▸ **PROBLEM DETAILS**:
Pictures must not appear in the copy. Reproduce exactly, and only, the lines from the one with "safetyculture as an" through the end of the data below.

▸ **DATA EXTRACT**:
- Opening Delimiter -
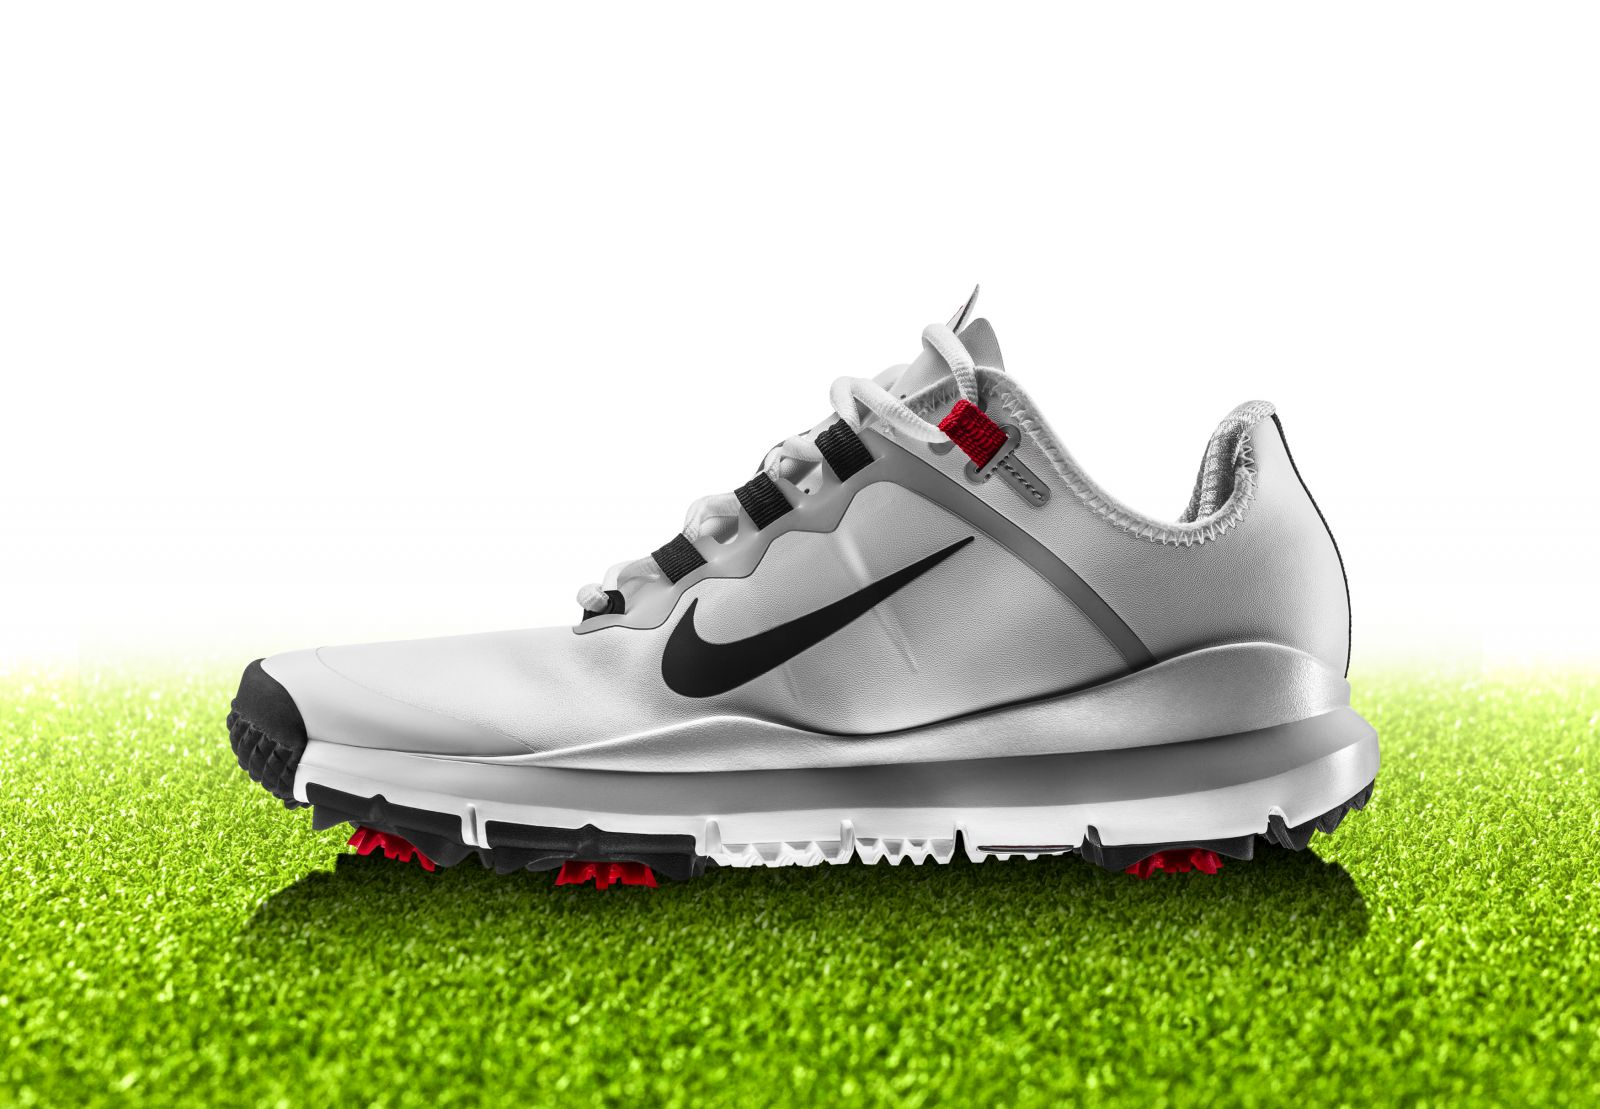 Nike TW '13 Tiger Woods' Nike FREEInspired Golf Shoe Sole Collector
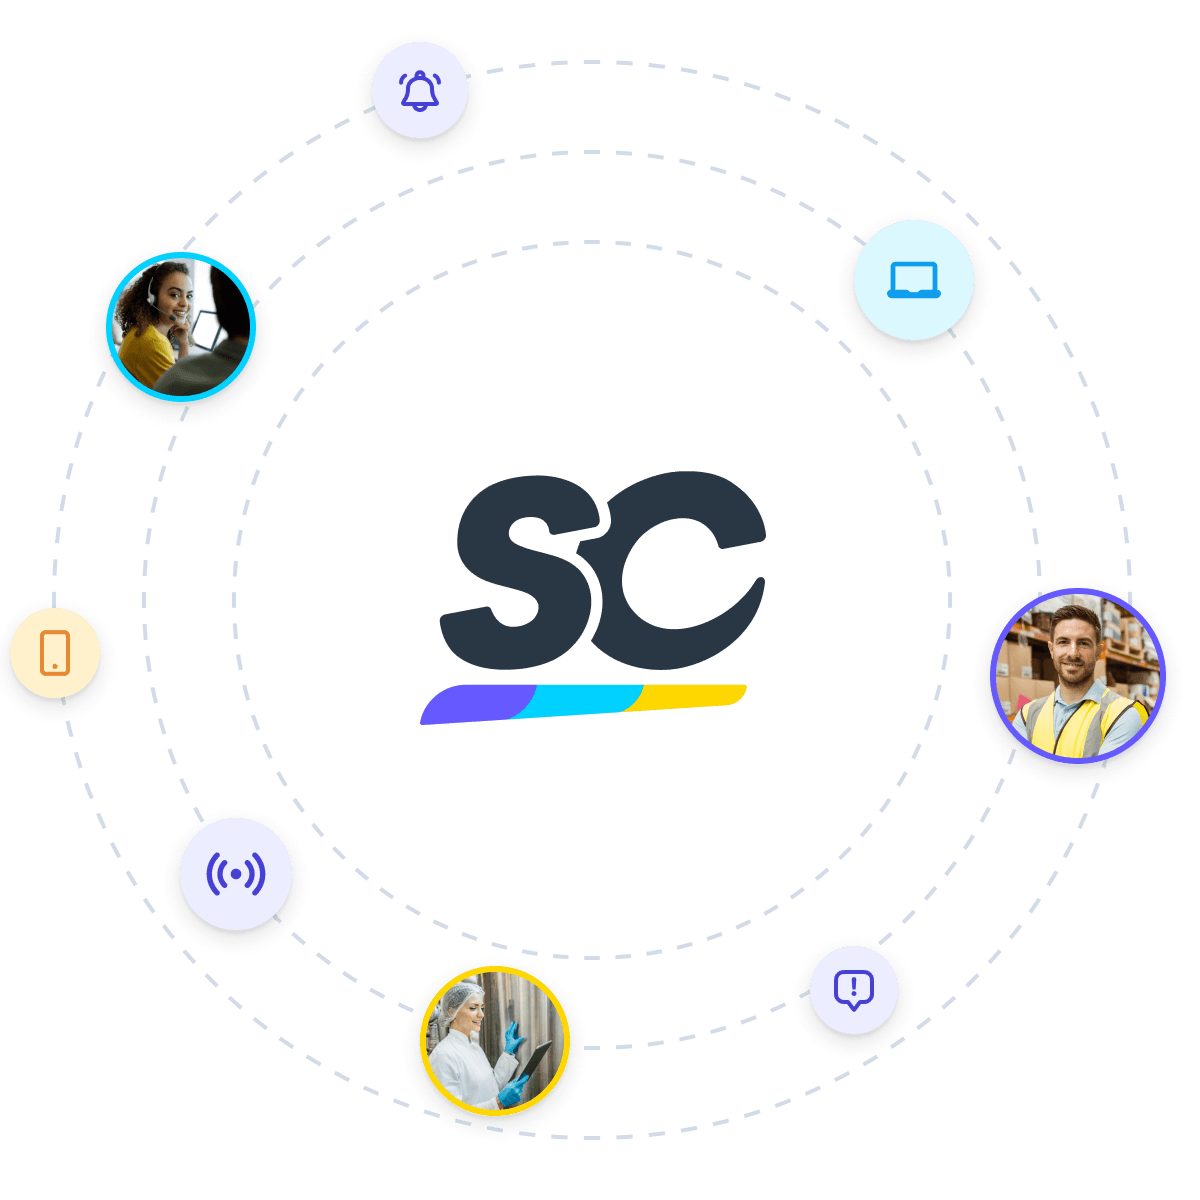 safetyculture as an operations management alternative solution
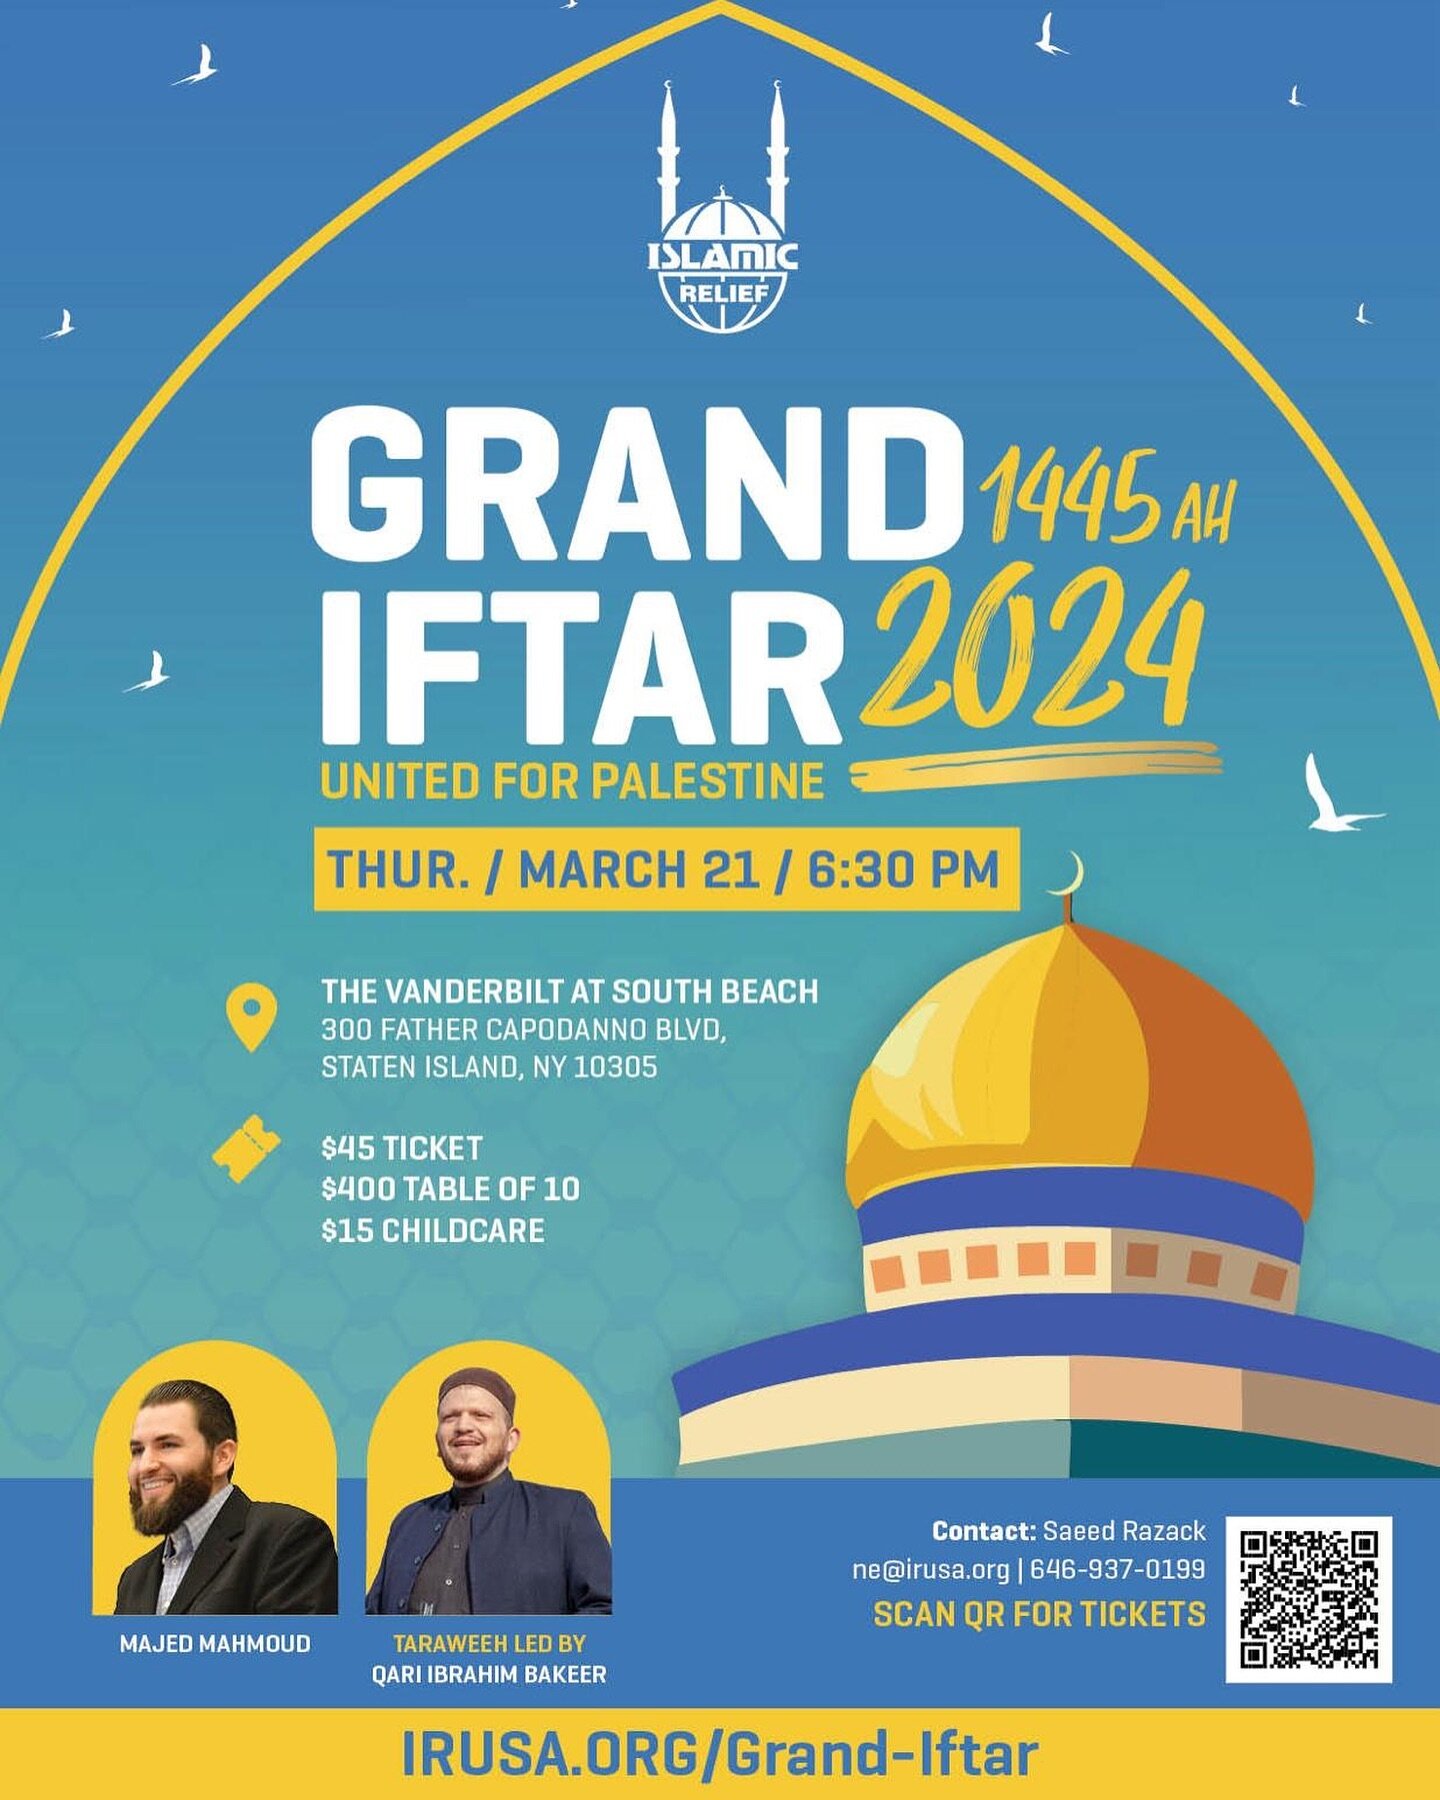 Join us for iftar and Taraweeh on Thursday March 21! Scan QR code for tickets or visit this link: irusa.org/Grand-Iftar. We hope to see you there Insha&rsquo;Allah😊
- Closing Delimiter -
▸ **EXERCISE OUTPUT**:
 safetyculture as an operations management alternative solution
 Join us for iftar and Taraweeh on Thursday March 21! Scan QR code for tickets or visit this link: irusa.org/Grand-Iftar. We hope to see you there Insha&rsquo;Allah😊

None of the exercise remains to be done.